Answer: (x,y) = (-4, 5) and (x,y) = (2/3, -13/3)
Explanation
Let's isolate y in the 2nd equation.
2x + y = -3
y = -2x-3
Then plug this into the 1st equation.
2y^2 + x^2 = -6x + 42
2(-2x-3)^2 + x^2 = -6x + 42
2(4x^2+12x+9) + x^2 = -6x+42
8x^2+24x+18+x^2 = -6x+42
9x^2+24x+18+6x-42 = 0
9x^2+30x-24 = 0
This equation is of the form ax^2+bx+c = 0, so we can use the quadratic formula to solve.
Plug in a = 9, b = 30, c = -24 into the quadratic formula.

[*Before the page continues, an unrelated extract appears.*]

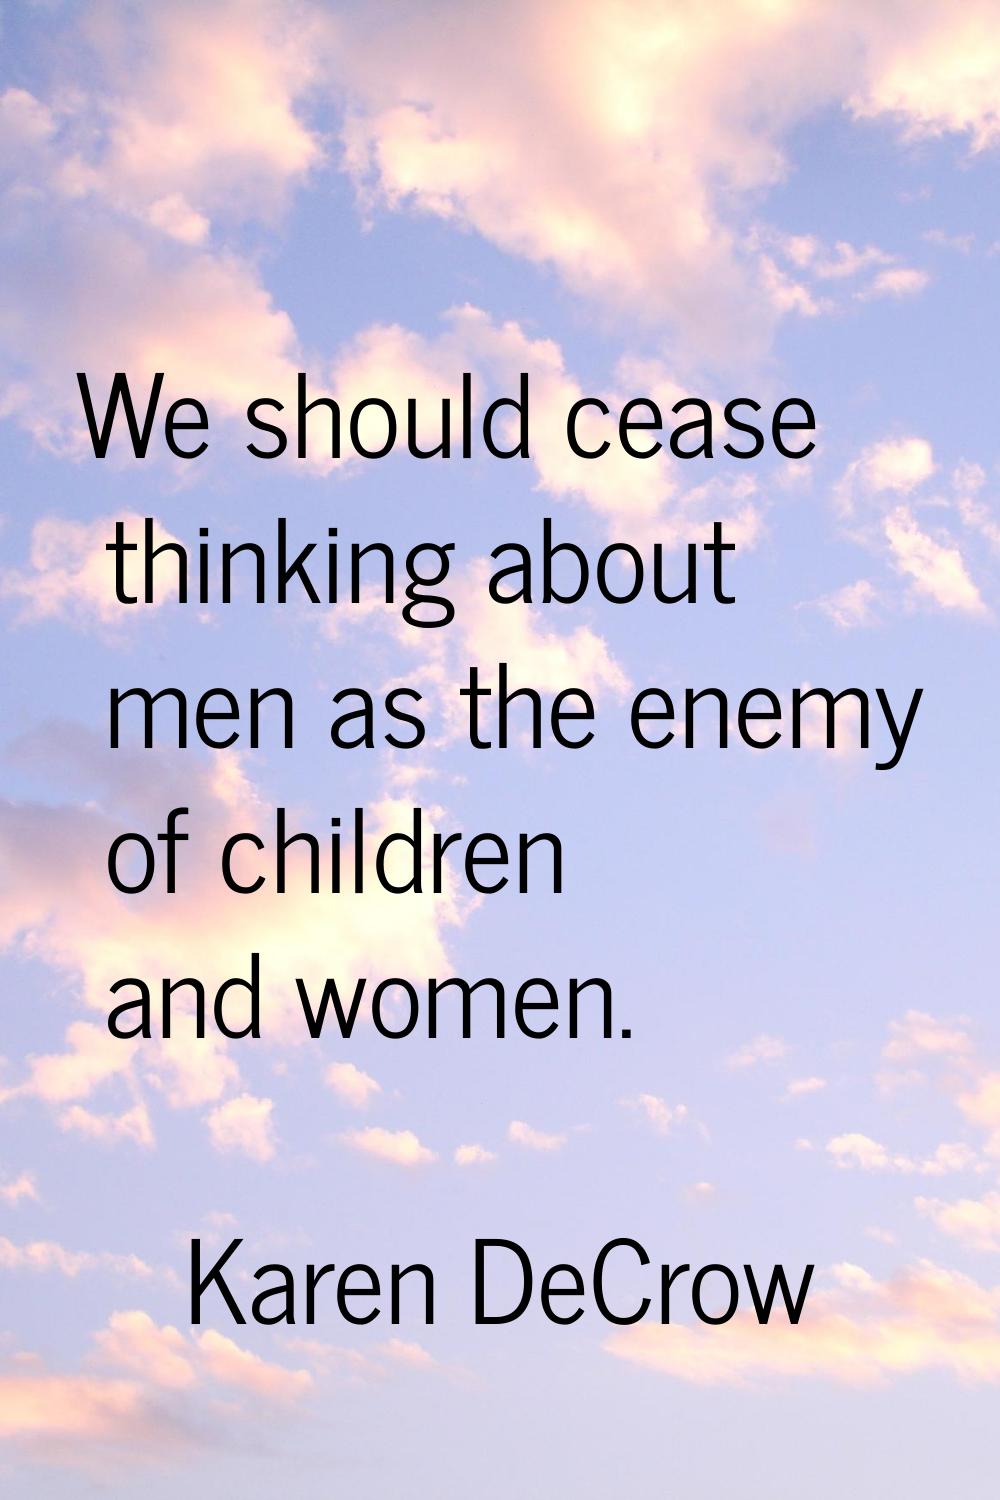 We should cease thinking about men as the enemy of children and women.
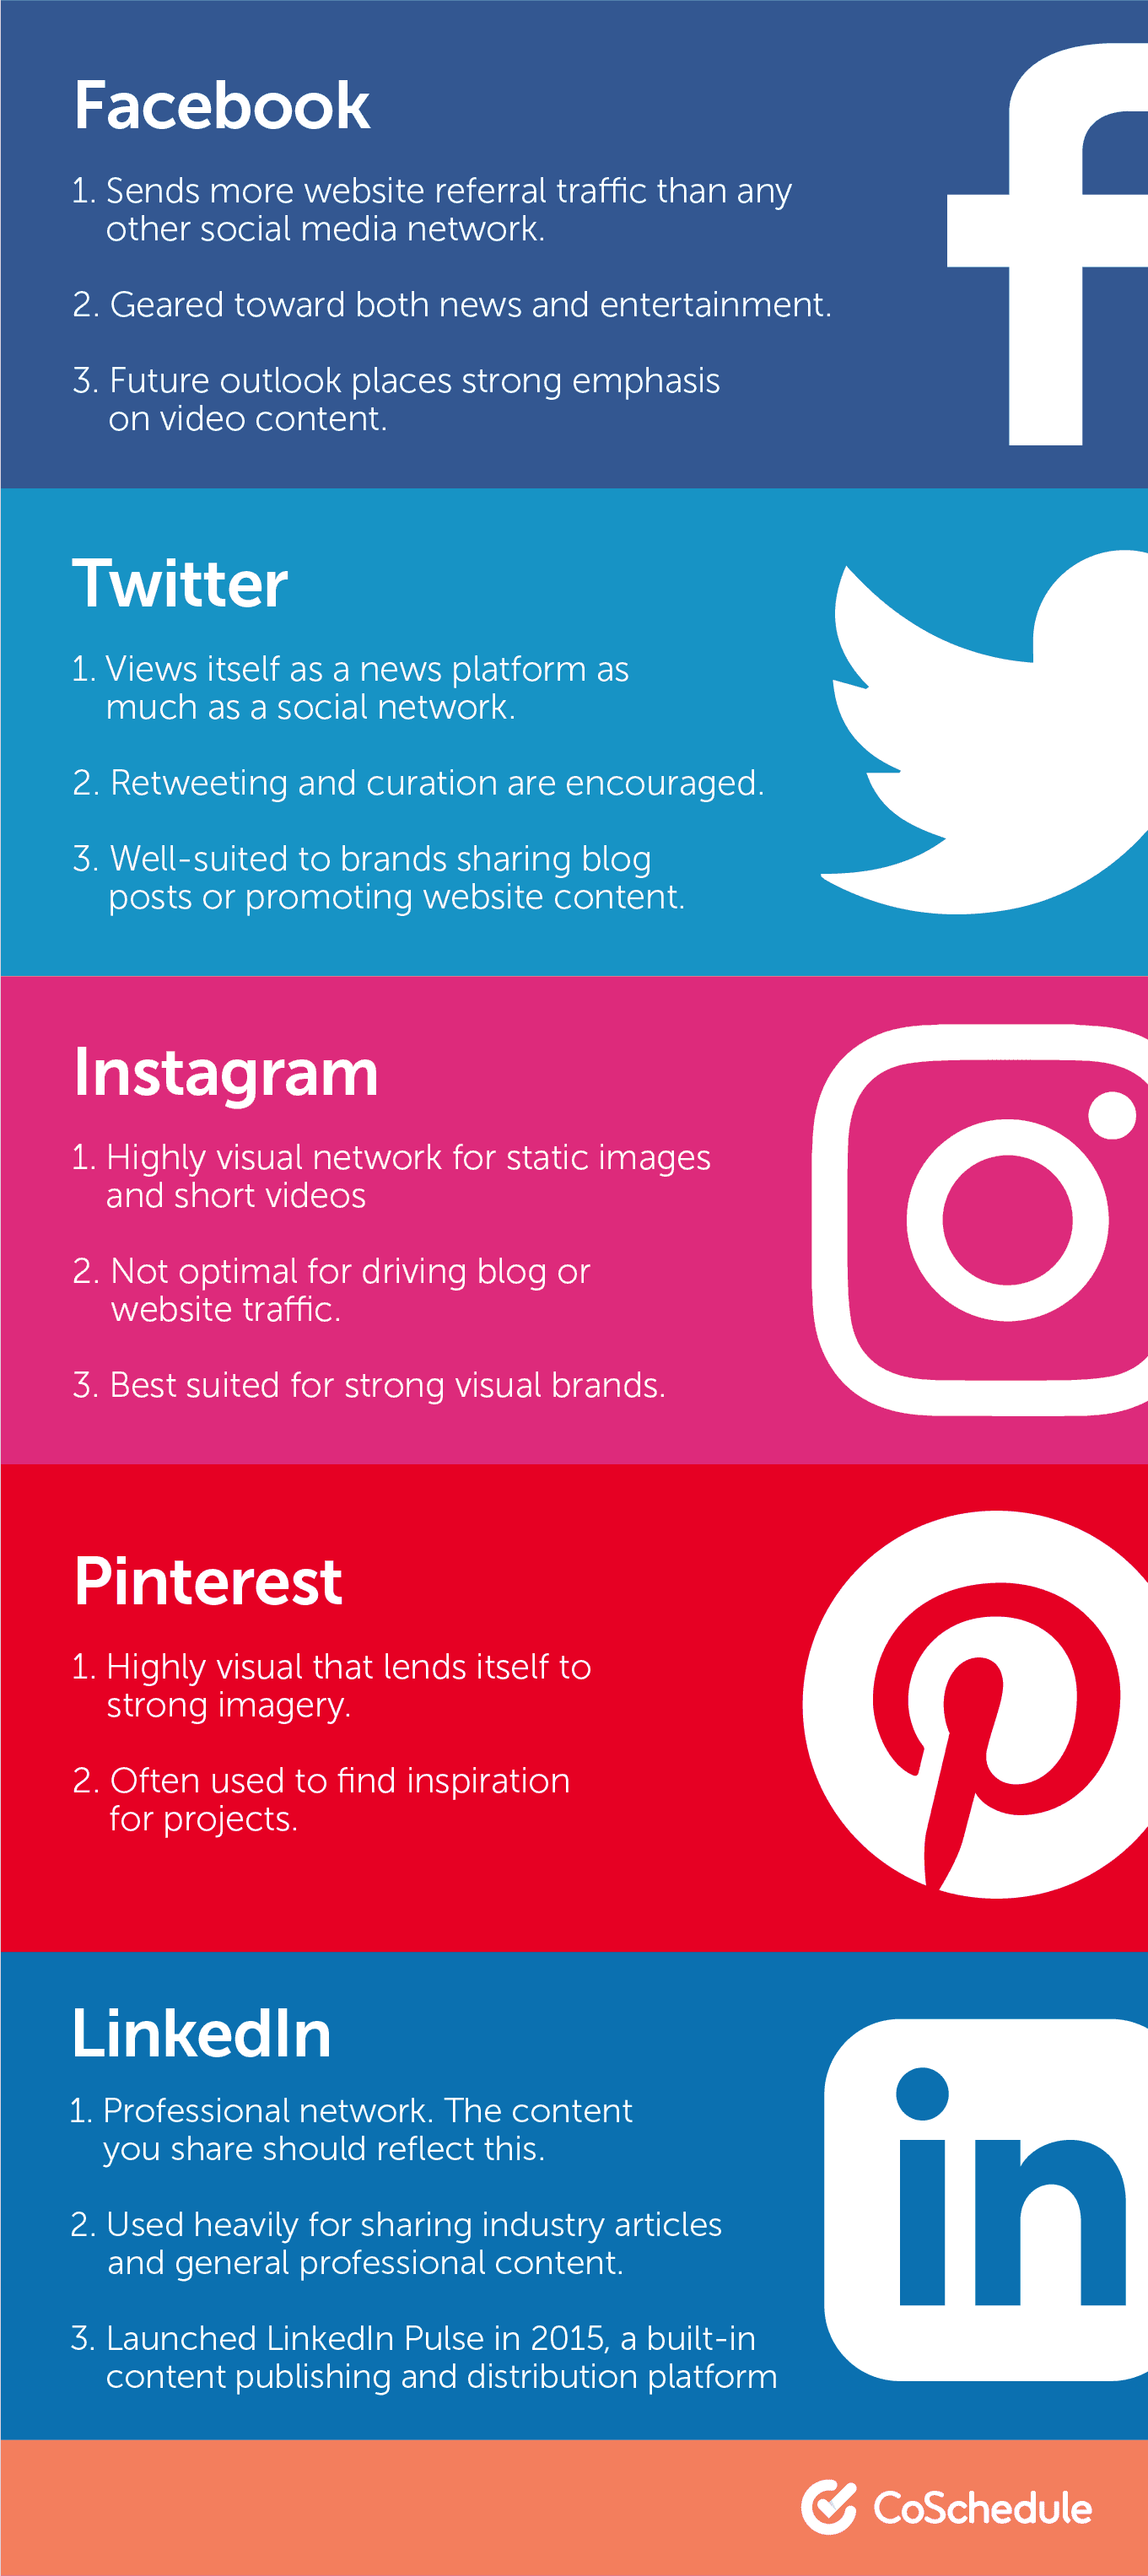 Reference list of how to be utilize Facebook, Twitter, Instagram, Pinterest and LinkedIn.

[tex]\text{x} = \frac{-b\pm\sqrt{b^2-4ac}}{2a}\\\\\text{x} = \frac{-30\pm\sqrt{(30)^2-4(9)(-24)}}{2(9)}\\\\\text{x} = \frac{-30\pm\sqrt{900 + 864}}{18}\\\\\text{x} = \frac{-30\pm\sqrt{1764}}{18}\\\\\text{x} = \frac{-30\pm42}{18}\\\\\text{x} = \frac{-30+42}{18} \ \text{ or } \ \text{x} = \frac{-30-42}{18}\\\\\text{x} = \frac{12}{18} \ \text{ or } \ \text{x} = \frac{-72}{18}\\\\\text{x} = \frac{2}{3} \ \text{ or } \ \text{x} = -4\\\\[/tex]
If x = 2/3, then,
y = -2x-3
y = -2(2/3)-3
y = -4/3 - 3
y = -4/3 - 9/3
y = -13/3
Therefore, one of the points of intersection between the line and the ellipse is (x,y) = (2/3, -13/3)
The other point of intersection is (x,y) = (-4, 5) as shown in this scratch work below.
y = -2x-3
y = -2(-4)-3
y = 8-3
y = 5
I confirmed each answer using GeoGebra.